The code was for the EGR system. I know Fords like the back of my hand and do a quick look at the DPFE sensor, sure enough it's bad... I order a new on and install it...
Before I can get this car to the door the light is back on... I check it is the same code.
Change the part again the code is still there...
Order the part from Ford and the job is done...


----------



## dlane (May 31, 2016)

Guess I should of found a dodge mechanic at a reputable shop and bought my own parts for install. That's the first person that worked on my truck other than me or the dodge stealer.


----------



## 4GSR (Jun 9, 2016)

One thing to remember, if the parts are Chinese made and are branded from a USA company, not talking about the economy ones, They will be of quality materials and manufactured well.  I know this from my own personal experience dealing with with stuff built in China I deal with.  I consult for two companies that get equipment built over there.  And everything is built to our specifications, drawings, material specifications, etc.  Been working with the two companies for almost 10 years now.  We have not had any mechanical failures from inferior steels used or anything out of specifications since I've been involved. I've have visited several facilities over in China that do work for my clients also.  They will show you the stuff they scrap as being inferior and not meeting specifications.  I will say, steel being produced over there today is much better than it was 10 years ago or even 20 years ago.  Remember, Americans are the one's that put the Chinese in business making stuff for us today.  And not to drag in the Australians into the picture, they have a pretty strong presents there, too.

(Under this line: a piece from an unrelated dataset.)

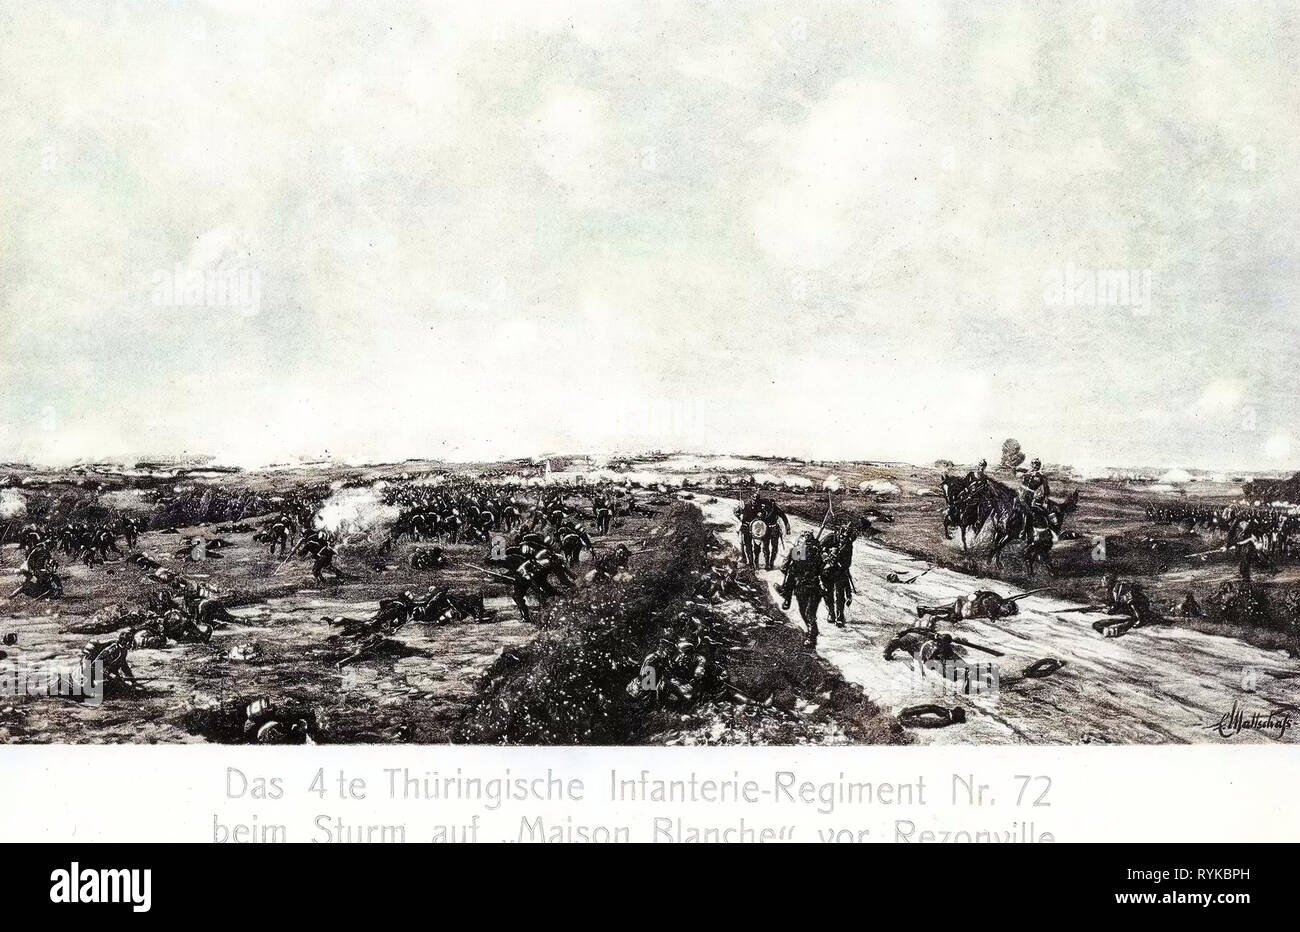 1870 en Francia, la batalla de Mars-la-Tour, 4. Thüringisches Infanterie-Regiment Nr. 72, pinturas en Sajonia, en Torgau, 1912, Schlachtenbild Sturm vor Rezonville Frankreich 1870, Alemania Foto de stock

I'm like you guys too, I will shop for name brand parts for my cars, too.  Even if it means buying from a car dealer.  We run Toyota's in my family.  My son has found a couple of Toyota parts dealers on line where we can get genuine Toyota parts from for about 30-40% less if bought from the local dealer.  One thing to keep in mind, most USA car manufactures, Chevy, Ford, and Dodge, are getting a lot of their parts made next door in Mexico, too!  I see those trains coming thru my town daily carrying cars, parts, etc., going to port of Houston to be shipped to other parts of the USA and other countries.


----------



## dlane (Jun 9, 2016)

Thanks Ken that almost set my mind at ease, but if my front end falls off I'm sueing China if I make it.


----------